What is needed = The response should consist of the data below, copied exactly, with no pictures in it.

Data provided =
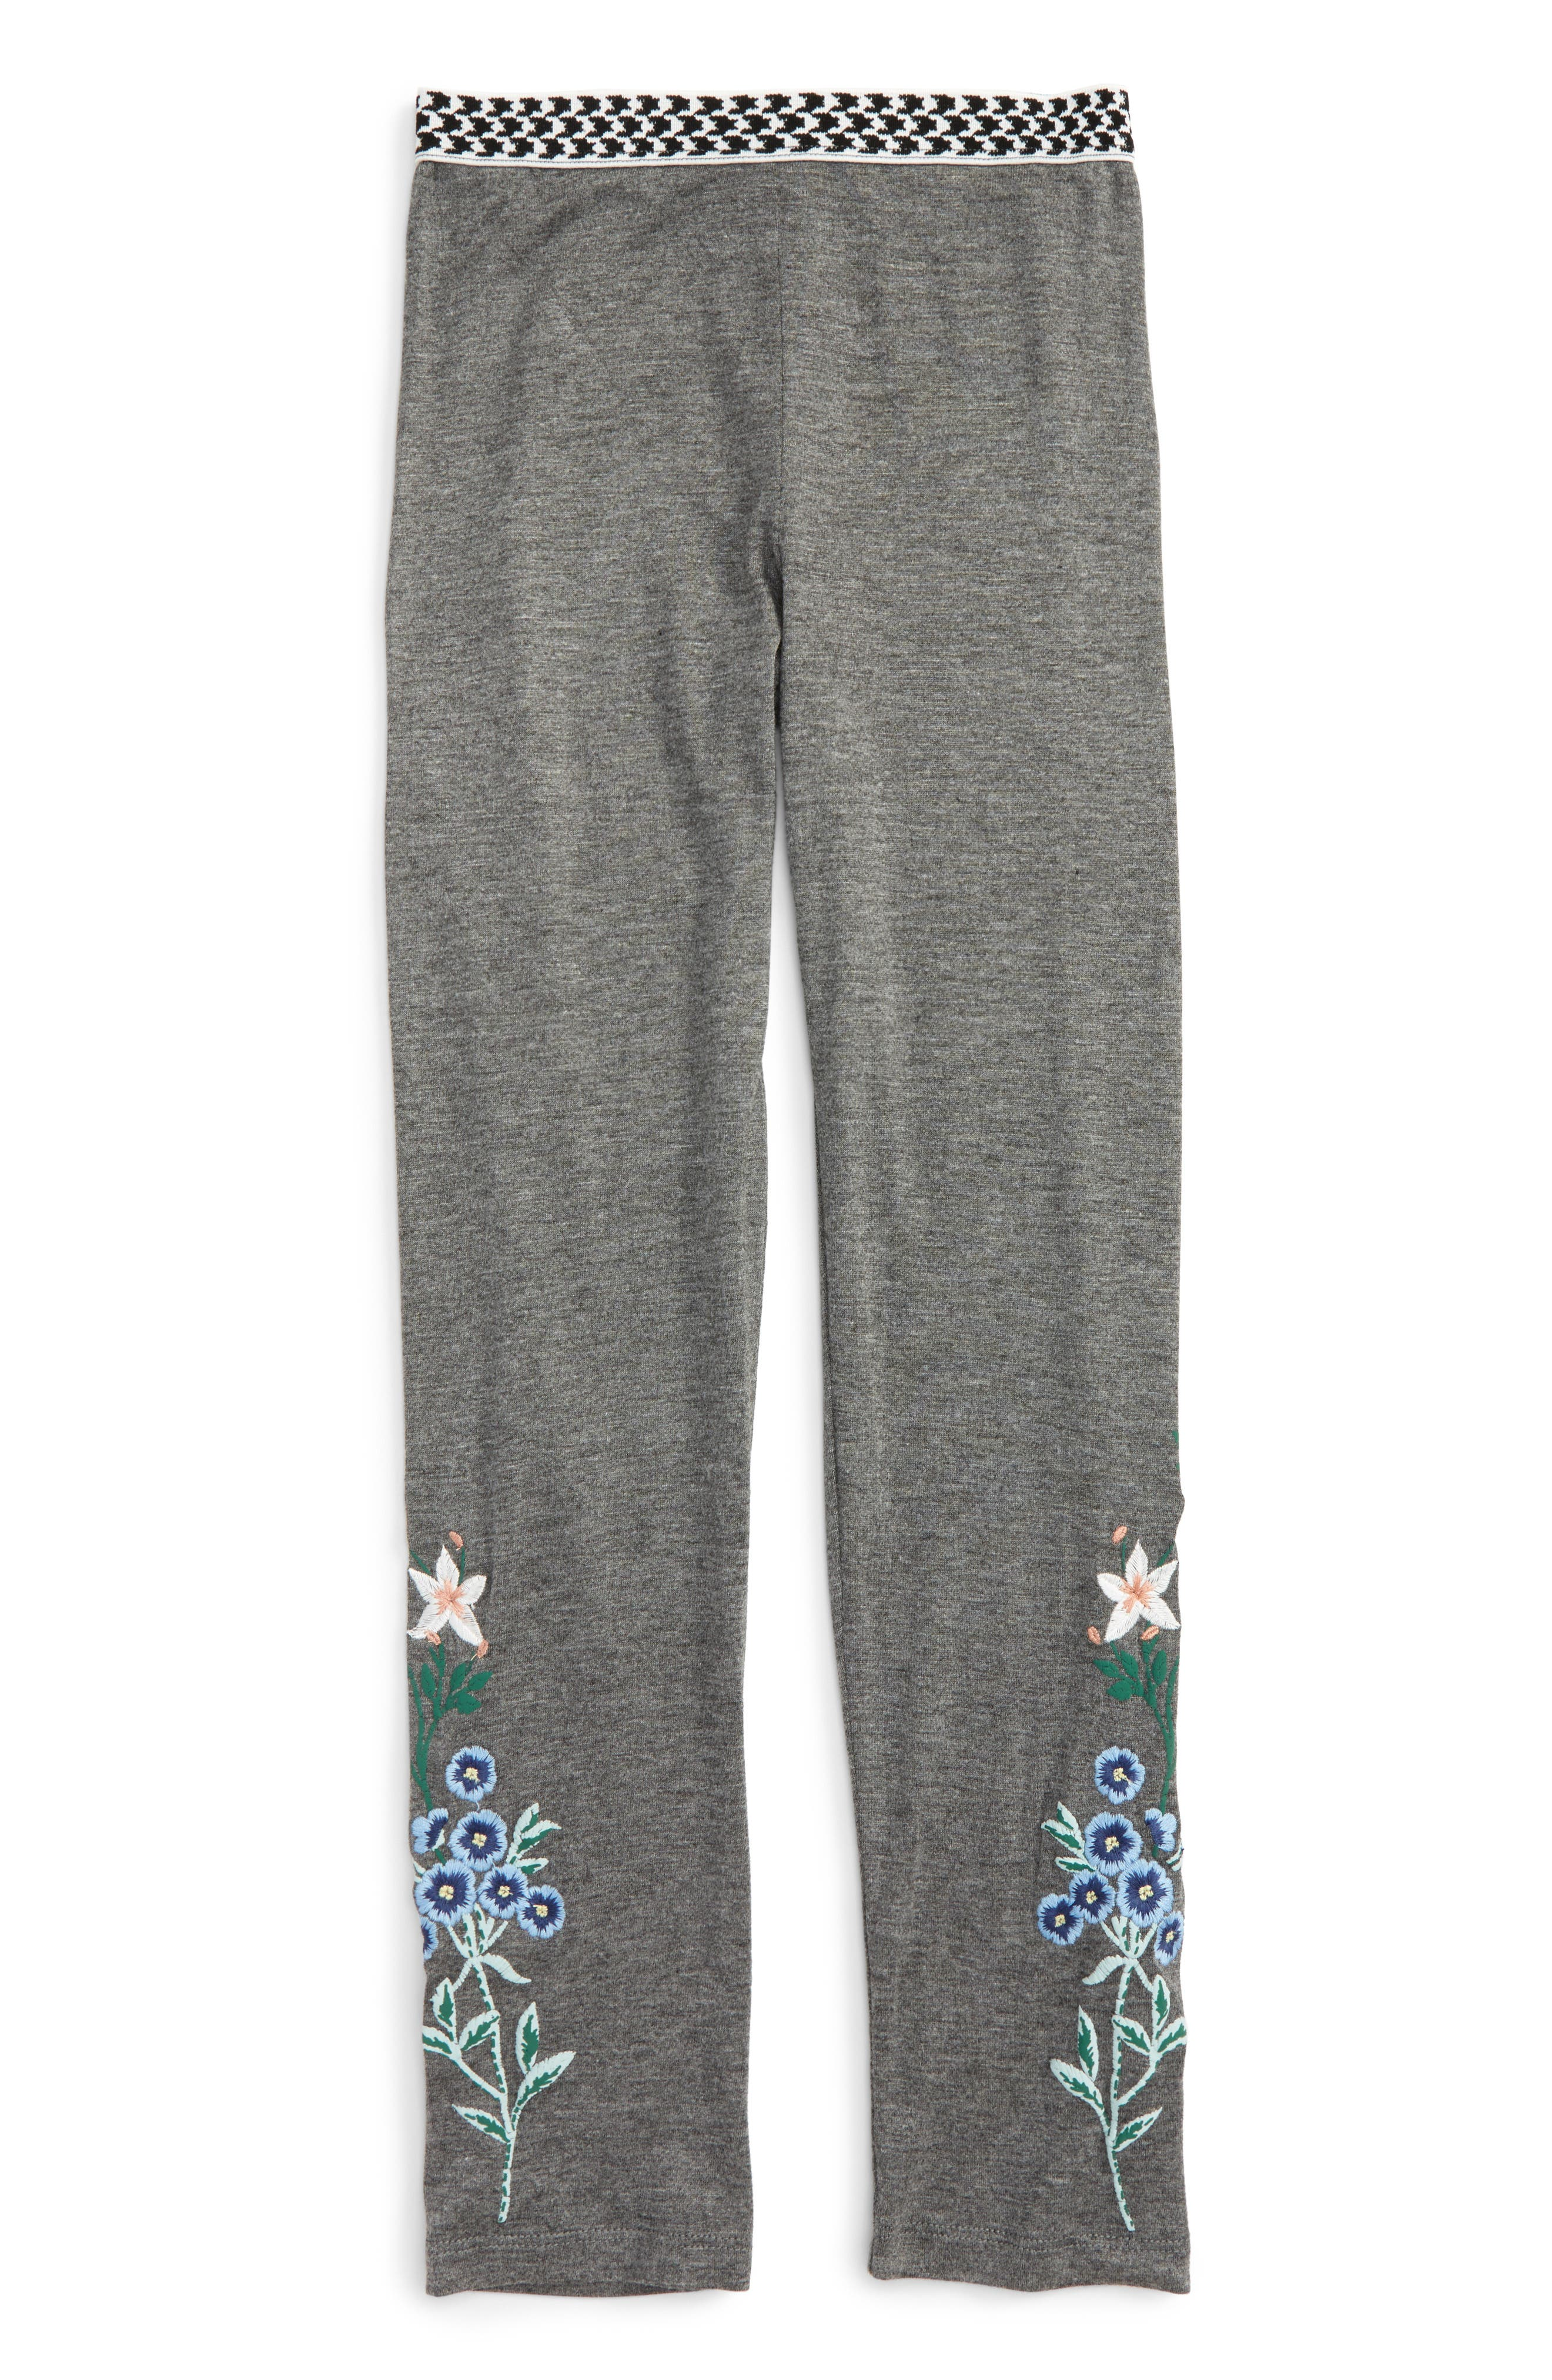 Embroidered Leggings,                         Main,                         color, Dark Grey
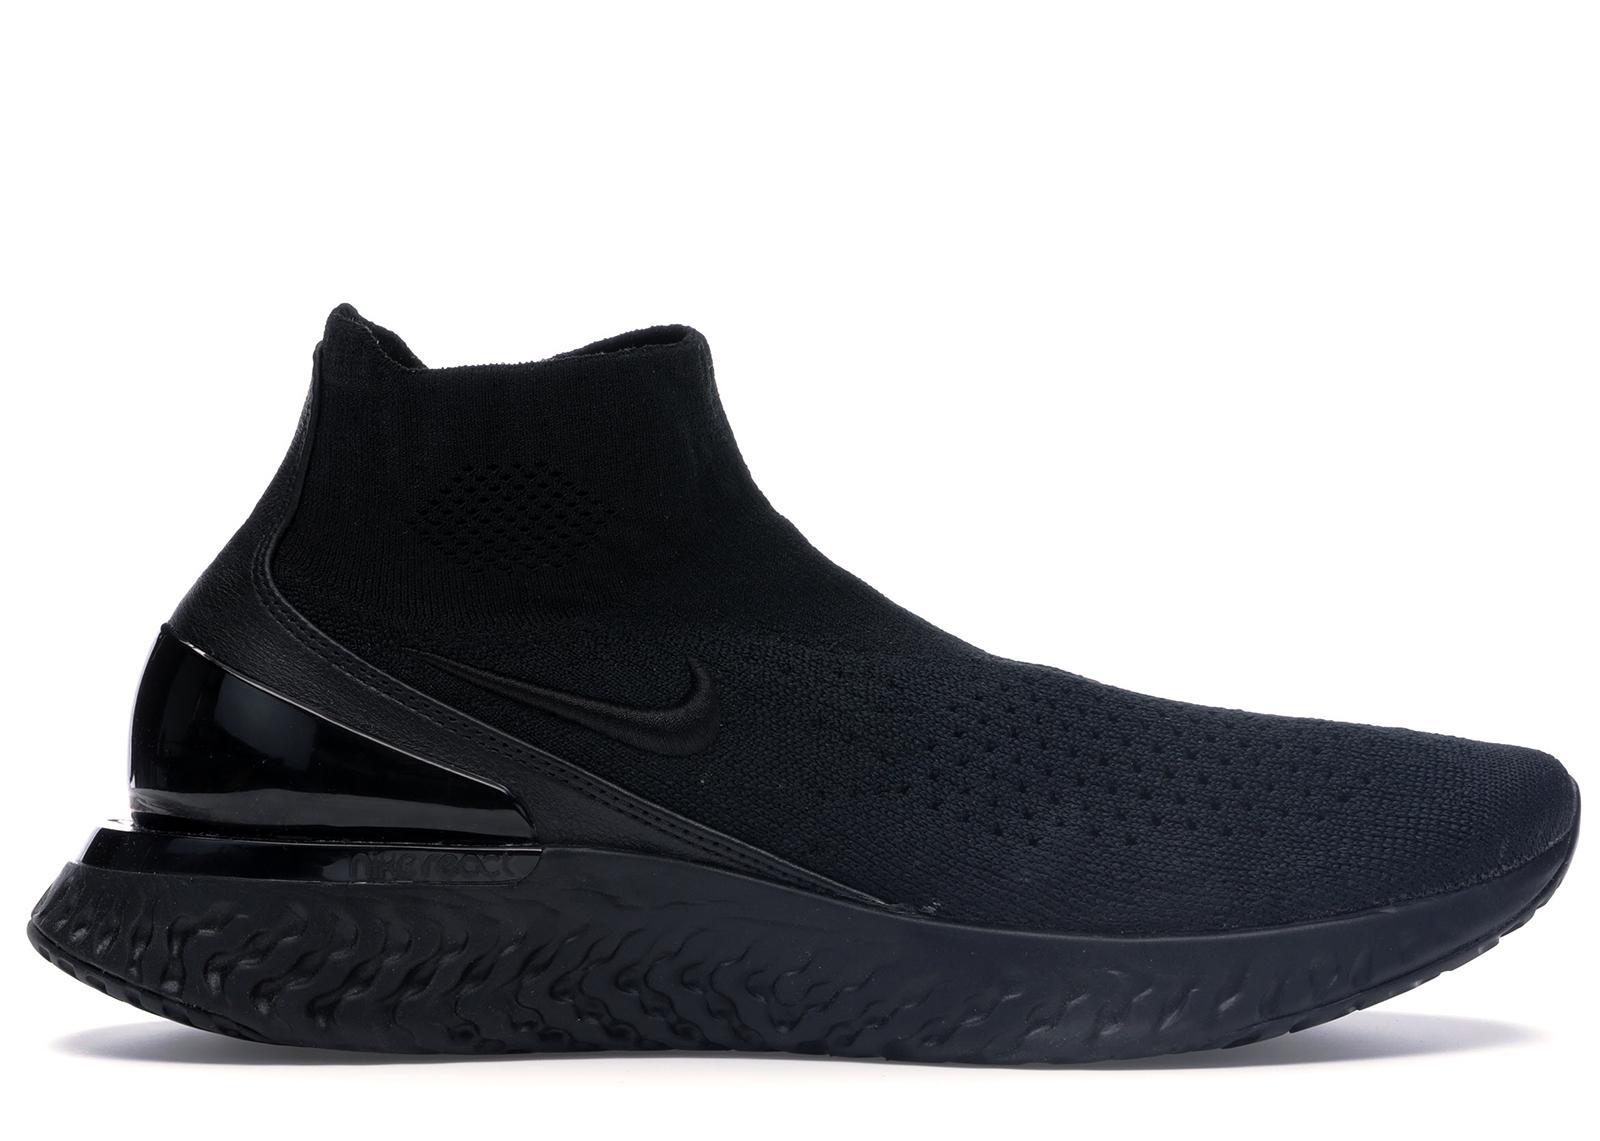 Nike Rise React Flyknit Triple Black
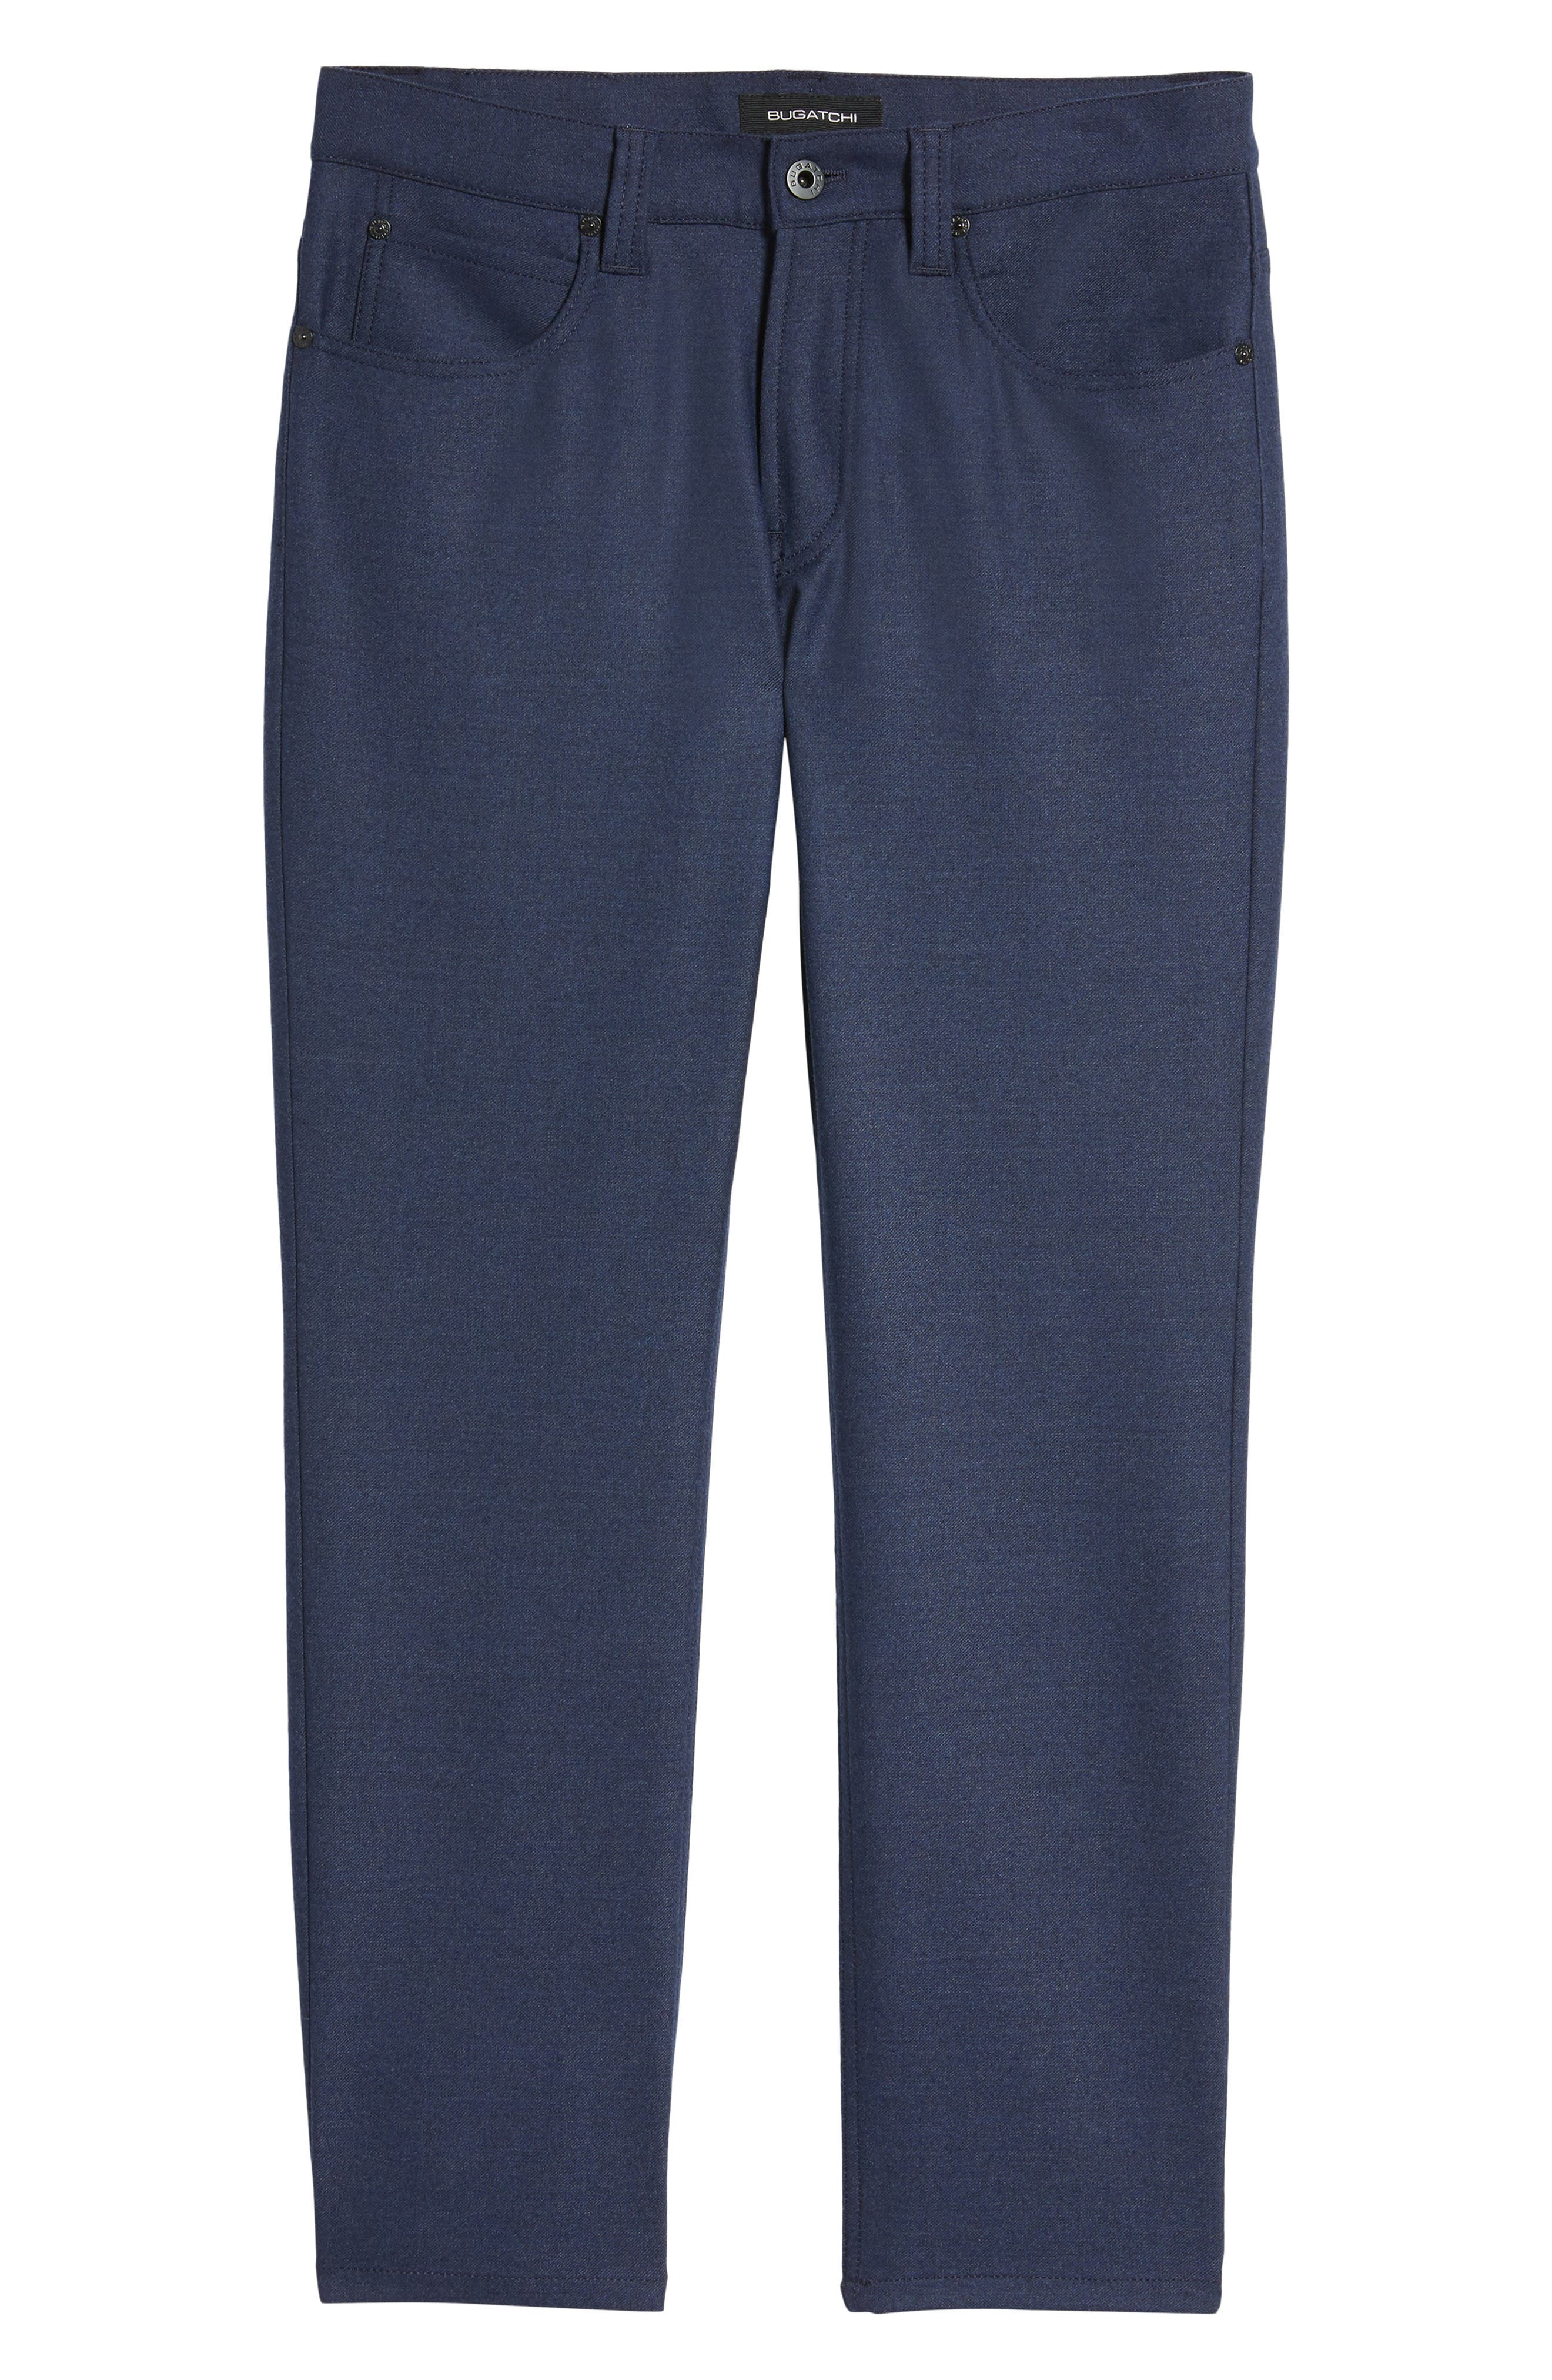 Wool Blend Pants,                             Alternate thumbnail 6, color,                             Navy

Answer space =
 Embroidered Leggings,                         Main,                         color, Dark Grey
 Nike Rise React Flyknit Triple Black
 Wool Blend Pants,                             Alternate thumbnail 6, color,                             Navy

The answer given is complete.